In the literature you may see Power defined as 1-Beta, because it is inversely proportional to making what is called a Type II Error, usually referred to as Beta. The Type II error is the probability of failing to reject the Null Hypothesis when it should be done so.
When you design a experiment with a high power, you’re then decreasing the probability of making a Type II Error.
The statistical power of an experiment is usually set at 80%.
Significance Level
Significance level is what you use to make sure your test is designed in a way that the results weren’t obtained by chance. The most commonly used values are 1% and 5%. These correspond to confidence intervals of 90% and 95%, respectively.
Effect Size and Baseline Metric
As mentioned above, the effect size will help you determine the amount of change you’d want to see as a result of the test. In order to do this we have to ground it on what we’re observing today.
This means you need to know what is our baseline metric, i.e., the current value of the metric you’re using to evaluate the efficacy of the test.
We’ve defined that we’ll use as a measure of the success of the test, the number of friends that want to have a second cupcake from the same batch.
So, if today 50% of the people that try your cupcakes want to have a second one, you know that your baseline metric is 0.5. In light of this, you know how much room for improvement you may have with experimentation. For instance, say that you’re baseline metric was instead 95%.
With this information you know
- your recipe is already a success 😀
- there is very little room for improvement (5%), which may or may not justify the effort of running more tests to fine tune the recipe.
- as a result of your test, you can’t expect and improvement greater than 5%! This may seem obvious, but it’s a good sanity-check to have in mind when you’re evaluating the results.
With all the pieces in place you can either use a online calculator or use the R Statistical language to determine the number of friends (sample size) you’ll need to recruit to taste each of the recipes.
Using R to calculate the sample size
For our cupcake experiment we’ll need 45 friends to try each of the recipes, given our baseline of 50% (p1) and the desired effect size of 25% (p2 = p1+ effect size), and with a significance level of 5%.
You’ll also notice that I added the alternative=one.sided, that’s because will be running a one-sided statistical test. That’s because our alternative hypothesis is The number of friends that would have a second the lemon zest cupcake is higher than number of friends that would have a second cupcake baked with the original recipe
4. How long should the experiment run for?
In our cupcakes recipe example this doesn’t necessarily apply. Unless we run it during a time when multiple of your friends are on a diet, and their behaviour will be very different than what’s expected.

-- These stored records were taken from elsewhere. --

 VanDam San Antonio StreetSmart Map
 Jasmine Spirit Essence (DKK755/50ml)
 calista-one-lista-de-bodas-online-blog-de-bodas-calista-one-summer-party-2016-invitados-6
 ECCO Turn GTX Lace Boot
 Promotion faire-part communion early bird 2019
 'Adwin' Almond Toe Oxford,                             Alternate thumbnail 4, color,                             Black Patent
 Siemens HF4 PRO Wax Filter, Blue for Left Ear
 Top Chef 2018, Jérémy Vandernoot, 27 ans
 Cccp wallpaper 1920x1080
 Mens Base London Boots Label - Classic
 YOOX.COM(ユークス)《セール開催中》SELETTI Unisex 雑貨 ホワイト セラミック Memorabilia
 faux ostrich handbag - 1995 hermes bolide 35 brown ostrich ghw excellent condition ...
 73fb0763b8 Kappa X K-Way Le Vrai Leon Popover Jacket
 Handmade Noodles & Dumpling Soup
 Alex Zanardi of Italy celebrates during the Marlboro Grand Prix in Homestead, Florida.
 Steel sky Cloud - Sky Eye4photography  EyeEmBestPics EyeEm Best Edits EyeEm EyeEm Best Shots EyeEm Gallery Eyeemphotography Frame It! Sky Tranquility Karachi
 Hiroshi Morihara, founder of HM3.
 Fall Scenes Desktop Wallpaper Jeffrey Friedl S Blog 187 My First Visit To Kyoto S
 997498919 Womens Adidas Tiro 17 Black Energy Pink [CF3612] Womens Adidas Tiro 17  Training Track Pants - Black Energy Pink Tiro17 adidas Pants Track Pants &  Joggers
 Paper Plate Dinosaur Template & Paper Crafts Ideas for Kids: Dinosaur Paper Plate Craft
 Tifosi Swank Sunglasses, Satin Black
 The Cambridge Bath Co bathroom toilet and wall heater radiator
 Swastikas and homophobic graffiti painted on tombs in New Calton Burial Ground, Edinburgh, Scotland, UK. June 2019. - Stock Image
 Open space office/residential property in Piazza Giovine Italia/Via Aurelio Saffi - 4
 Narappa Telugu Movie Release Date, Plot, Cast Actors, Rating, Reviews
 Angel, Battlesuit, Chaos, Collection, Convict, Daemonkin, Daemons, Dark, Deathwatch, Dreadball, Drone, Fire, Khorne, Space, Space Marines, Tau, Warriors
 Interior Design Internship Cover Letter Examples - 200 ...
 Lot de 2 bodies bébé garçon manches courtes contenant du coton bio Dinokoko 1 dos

However, in a business scenario like the experiment to improve sign-up conversion rate, the duration of the experiment is very important. You’ll need to take into account trends and the seasonality of website visits and choose a wide enough time frame, such that they don’t interfere with the experiment.
For instance, if you sell products online, you probably shouldn’t run experiments during the week of Black Friday, because we know that users will be more likely to be looking across different websites to find the best deal. Or if you sell outdoors products and you know that, historically, July is your best performing month, you probably should also refrain from running tests during that month. Even though you could take advantage of the higher volume website visits, these customers may be so eager to get all their camping gear that they’ll make their purchase, regardless of the changes you’ve done.